(GIVEN DATA)

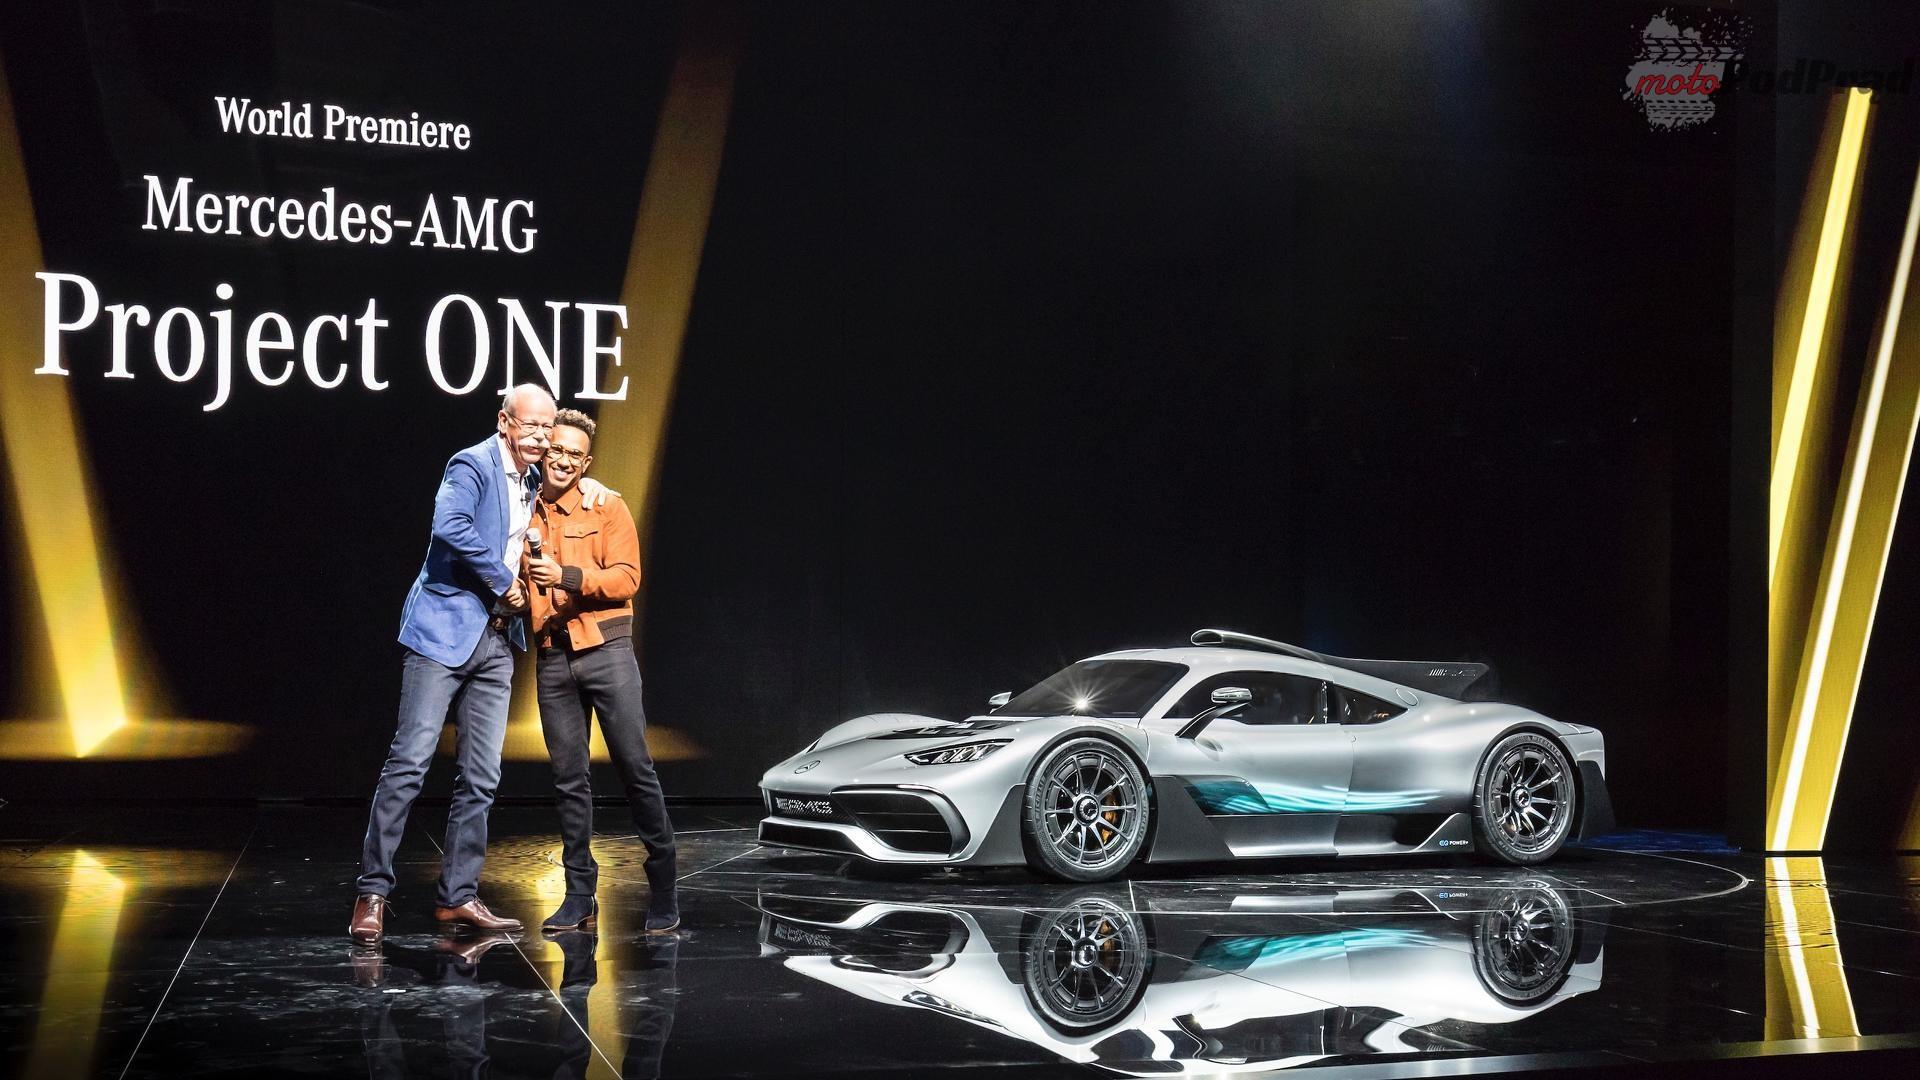 mercedes amg project one frankfurt 2017 Mercedes AMG Project One przesuwa granice wyobraźni
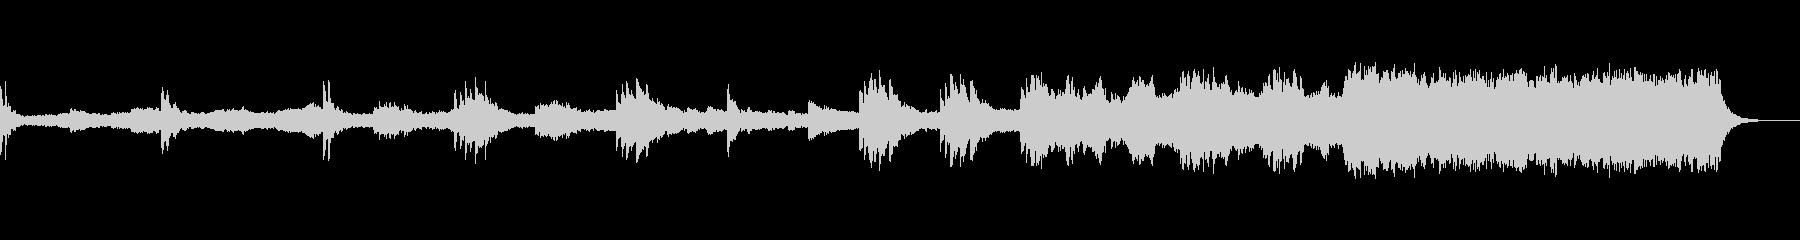 甲高い音、ピアノとシンセのスローな奏の未再生の波形
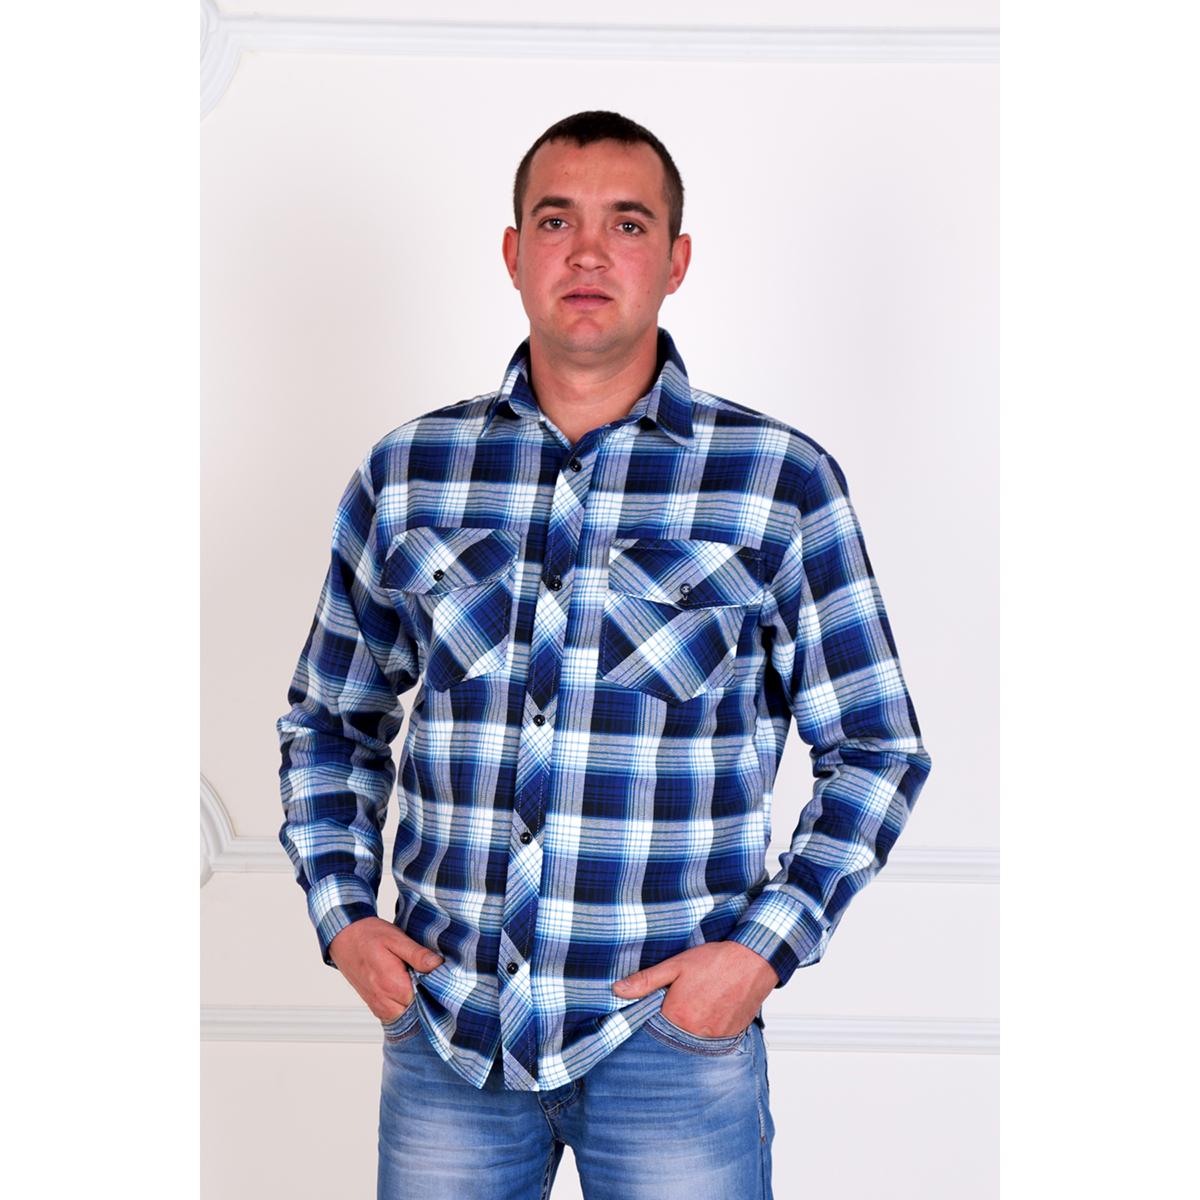 Мужская рубашка  Леонард , размер 72 - Мужская одежда артикул: 16822
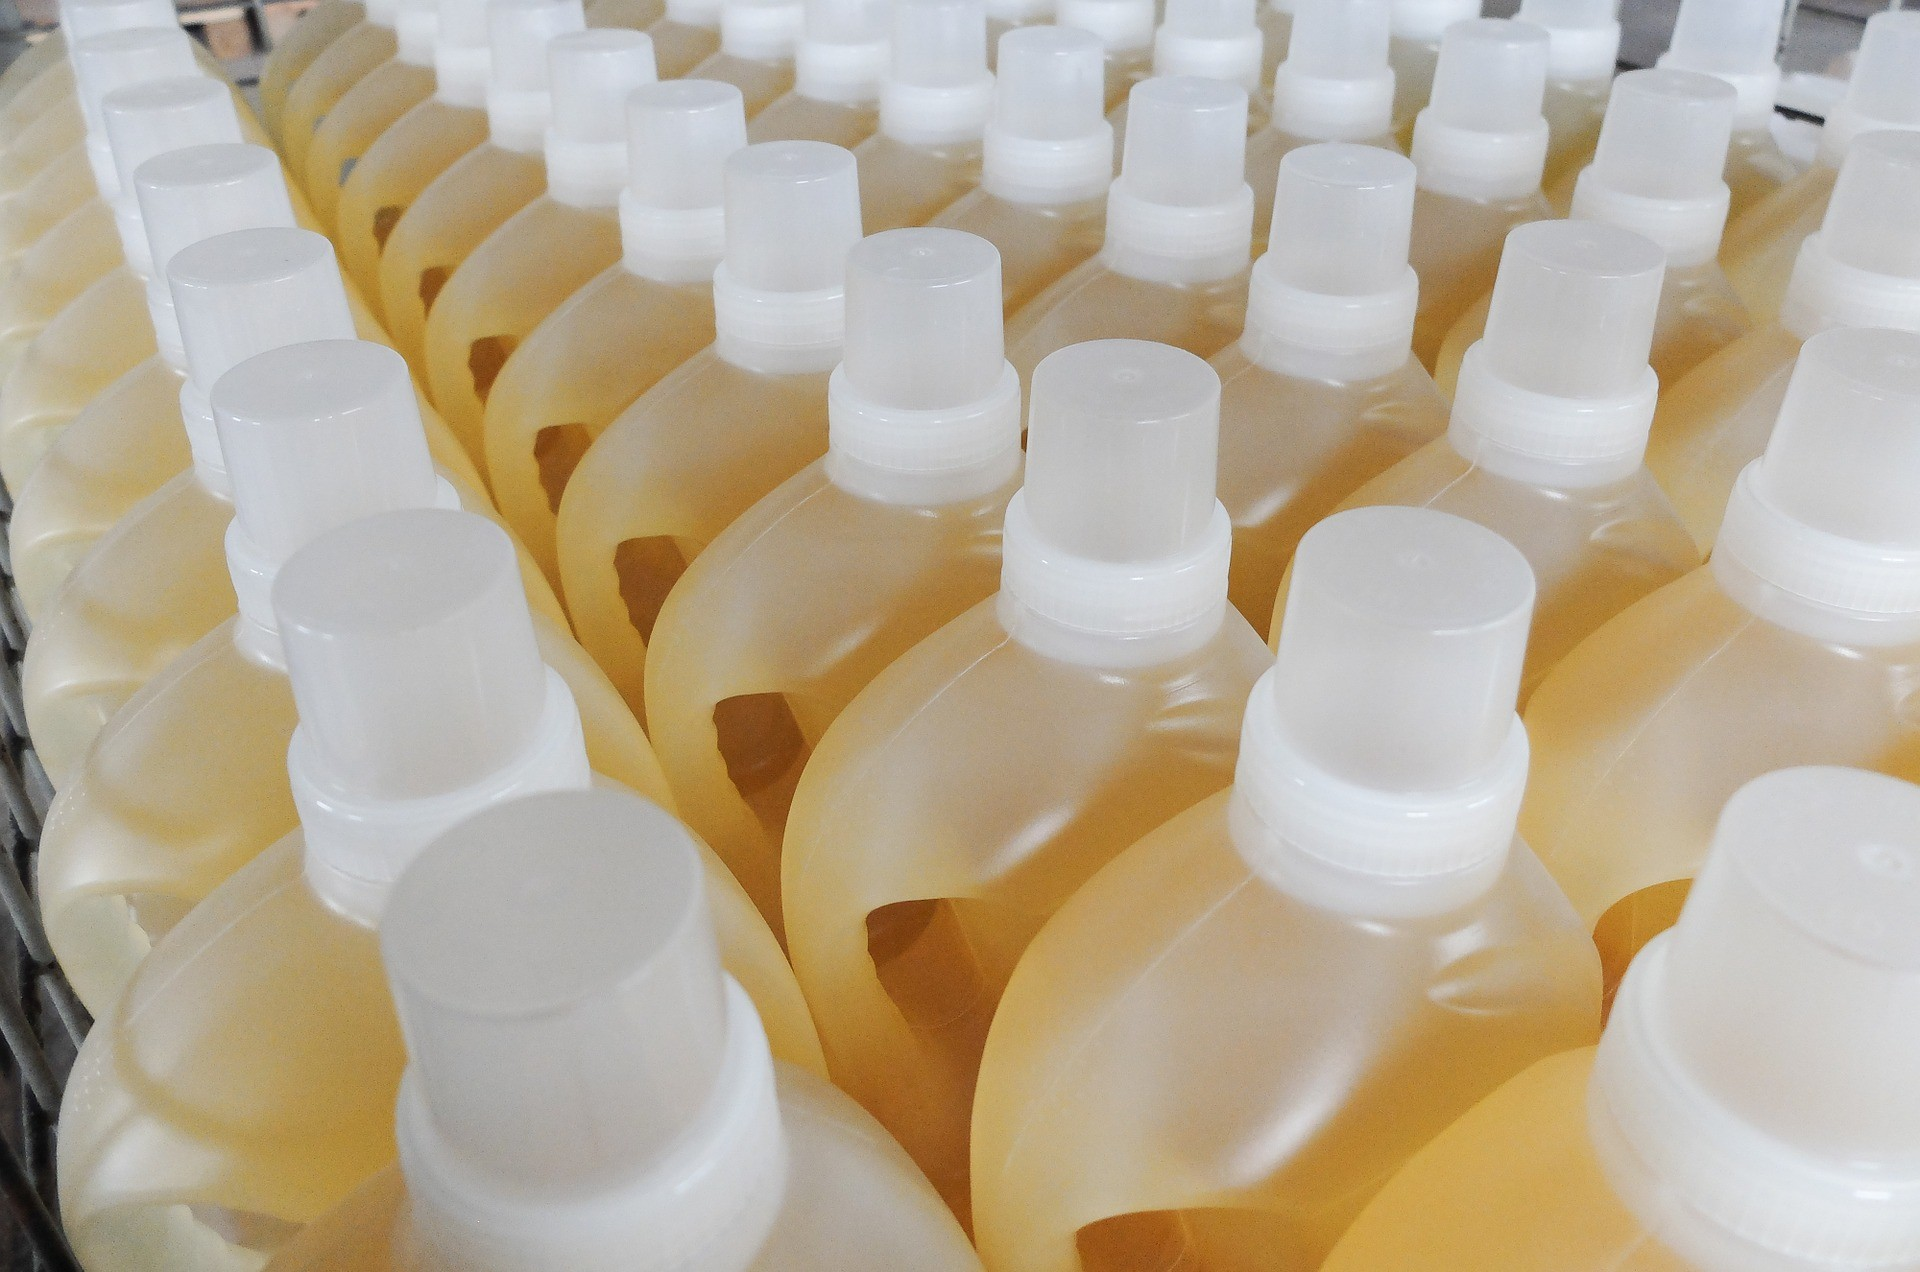 Control de productos químicos - Almacenamiento de suministros de limpieza adecuados

(End GIVEN DATA)

== EXERCISE BRIEF ==
Full transcription of the material, exact in every line, without images.

== EXERCISE RESPONSE ==
 mercedes amg project one frankfurt 2017 Mercedes AMG Project One przesuwa granice wyobraźni
 甲高い音、ピアノとシンセのスローな奏の未再生の波形
 Мужская рубашка  Леонард , размер 72 - Мужская одежда артикул: 16822
 Control de productos químicos - Almacenamiento de suministros de limpieza adecuados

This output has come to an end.